As I said it could well be a mink, little sod's they are.

 

If it was one of my pens I would gently walk it with a few trusted helpers with 12 bores just to put my mind at rest, you never know.

 

Put down a cage trap/tunnel trap or two in case it's a mink.

 

All you can really do then is to put down some wires and sit out with the rifle and a flask and hope to shoot the blighter.

 

Good luck.........

Link to comment
Share on other sites

if the heads are missing its definately a fox or possible badger

 

if you think it may be a smaller predator pluck one of the dead birds if theres lots of bruising then it will be a large jaw ie fox badger a mink stoat or polecat will have puncture marks around the back of the neck usually close to the head and a buzzard always leaves tallon marks either on the back and wings but sometimes on the breast also

rats will also take young birds if they roost on the floor but wont remove heads and cats are unlikely to kill in numbers

Link to comment
Share on other sites

I'd say fox too.

Get down there because he'll be back for sure.

Take the dog around the area outside because they sometimes bury their surplus.

If you find any buried bits, put some snares around.

Use some of the dead birds to bait your own traps.

Link to comment
Share on other sites

id say fox a badger will only kill what it wants to eat a cat might kill a few but check the dead birds for signs like auto said bird predation ie buzzard is ovious if its a polecat etc you will pick it up in a fenn easily id be sat out looking if its a fox what you find dead will be o nly a fraction of the damage the poults that fly out of roost will be mopped up on the outside by anything thats hungry and its defo not a hedgehog they only eat the guts out of birds

Link to comment
Share on other sites

Despite being up all night, he managed to kill another 10 last night.
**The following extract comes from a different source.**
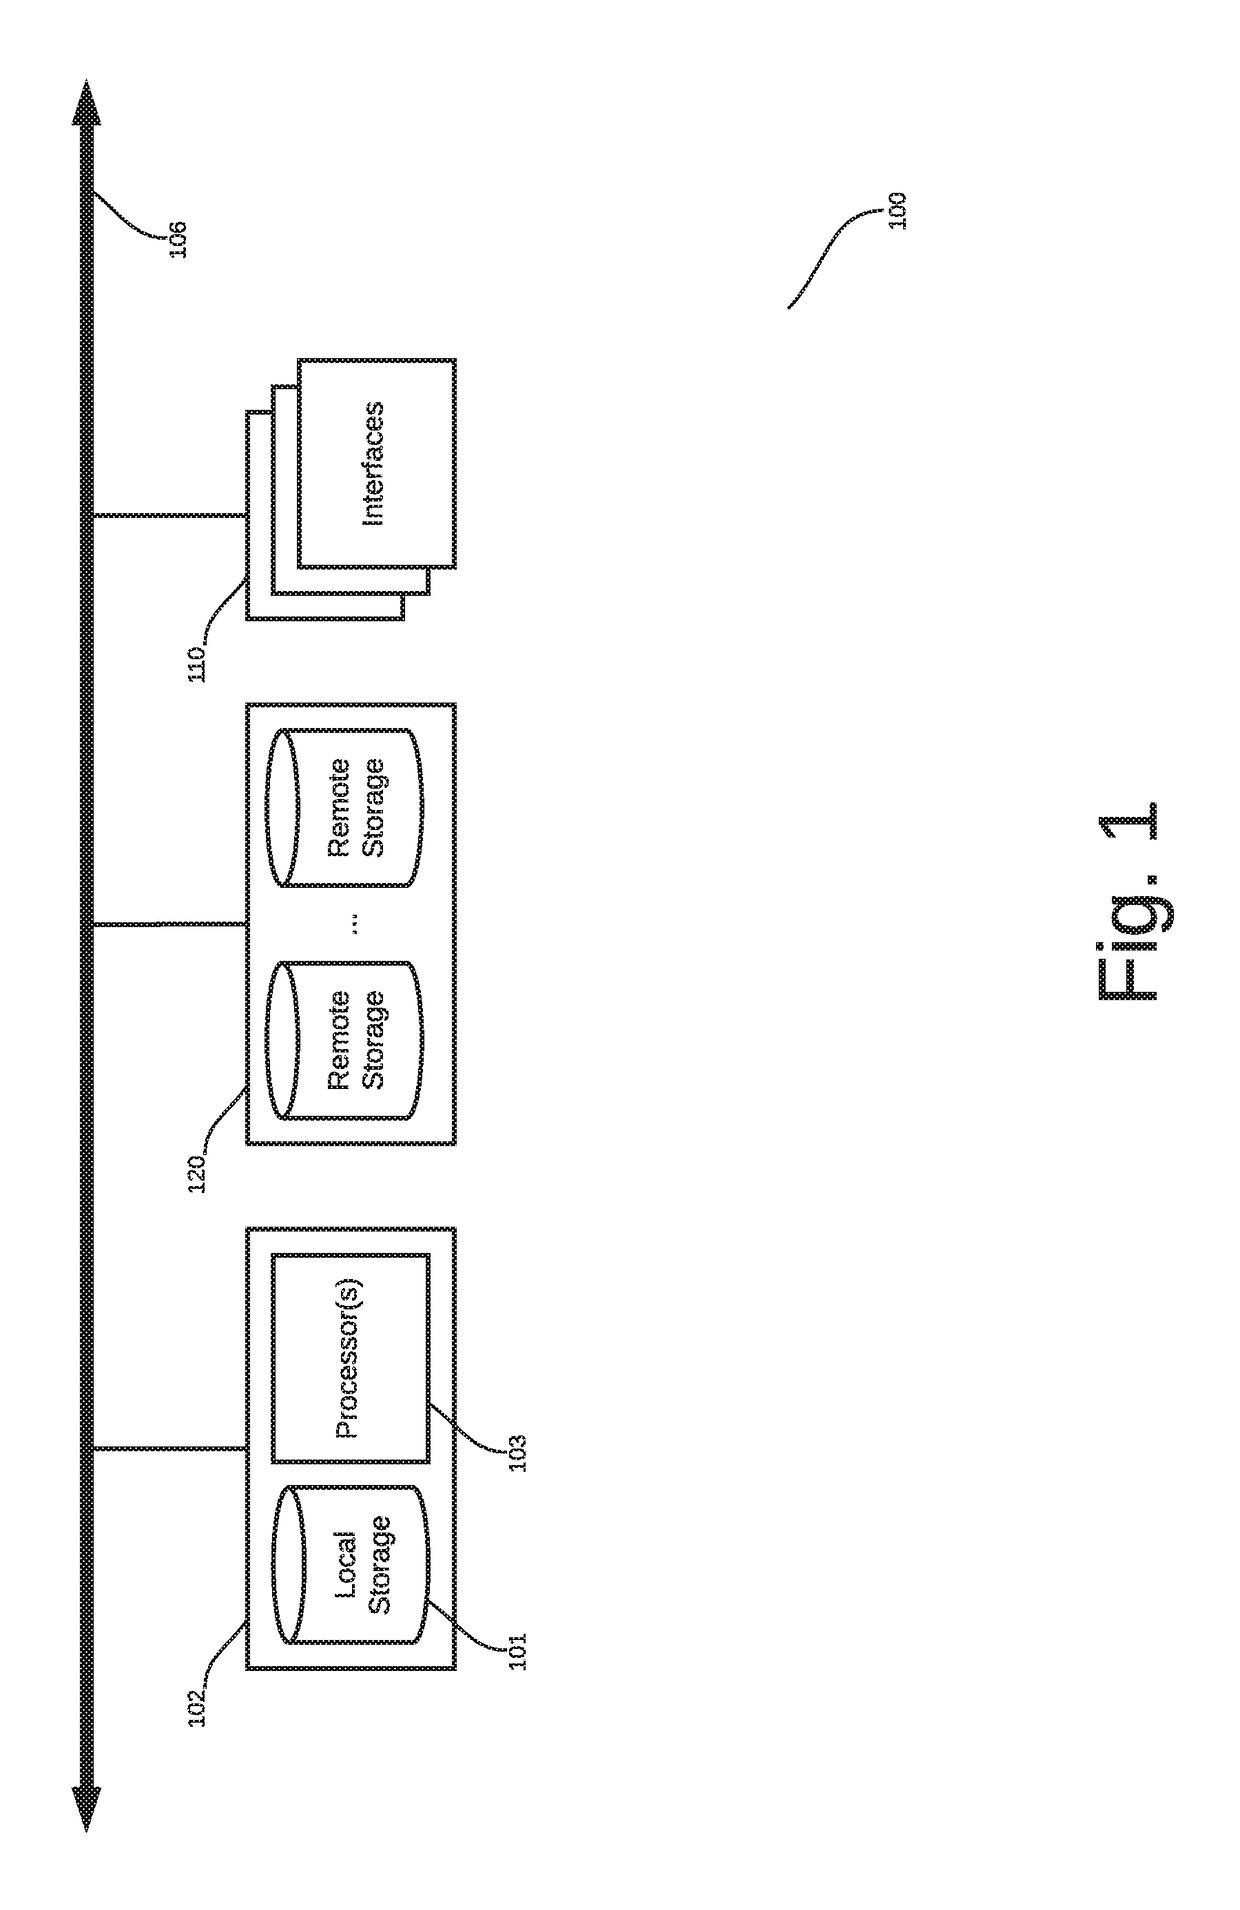 System and method for computational disambiguation and prediction of dynamic hierarchical data structures

Two of the lads were out with rifle and lamp til 1.00am. They spotted one large fox about two fields away from the pen but didn't get a shot at it.

I sat up near the top of the pen where most of the kills were made on Sat night with no sight or sound of anything. 5.30am, as the poults were coming down from roosting, I walked around the bottom fenceline and picked up 10 poults still warm. In one area, 5 poults had been roosting on fallen brash, probably 3ft off the ground. All 5 were killed within 4yds of each other, just silently picked off the roost one by one.

Have found out where it's coming in. It's travelling through one of the pop holes and can squeeze through the anti fox grid. This morning, he'd tried to leave with a poult but couldn't get himself and the poult through. He goes over the electric fence without any problem. Tunnel traps not touched and despite the constant rain, no pad marks. One of the poults, when plucked was bruised the length of its neck. The neck was brokem and a single puncture mark through the skin of the neck (looks bigger than polecat / mink)

Baited cage trap now placed 10yds away from pop-hole. Fox snare at the funnel.

Waiting for him seems a waste of time as I'm unlikely to hear or spot him inside the wood with plenty of ground cover when it's chucking it down with rain before he picks up my scent.

Will keep you posted. I reckon it's a young fox.

 

Henry D.....This makes 54 dead out of 500 which is over 10% lost

Link to comment
Share on other sites

Join the conversation

You can post now and register later. If you have an account, sign in now to post with your account.
Note: Your post will require moderator approval before it will be visible.

Guest
Reply to this topic...

×   Pasted as rich text.   Paste as plain text instead

  Only 75 emoji are allowed.

×   Your link has been automatically embedded.   Display as a link instead

×   Your previous content has been restored.   Clear editor

×   You cannot paste images directly. Upload or insert images from URL.

Loading...
 Share

  • Recently Browsing   0 members

    • No registered users viewing this page.

×
×
  • Create New...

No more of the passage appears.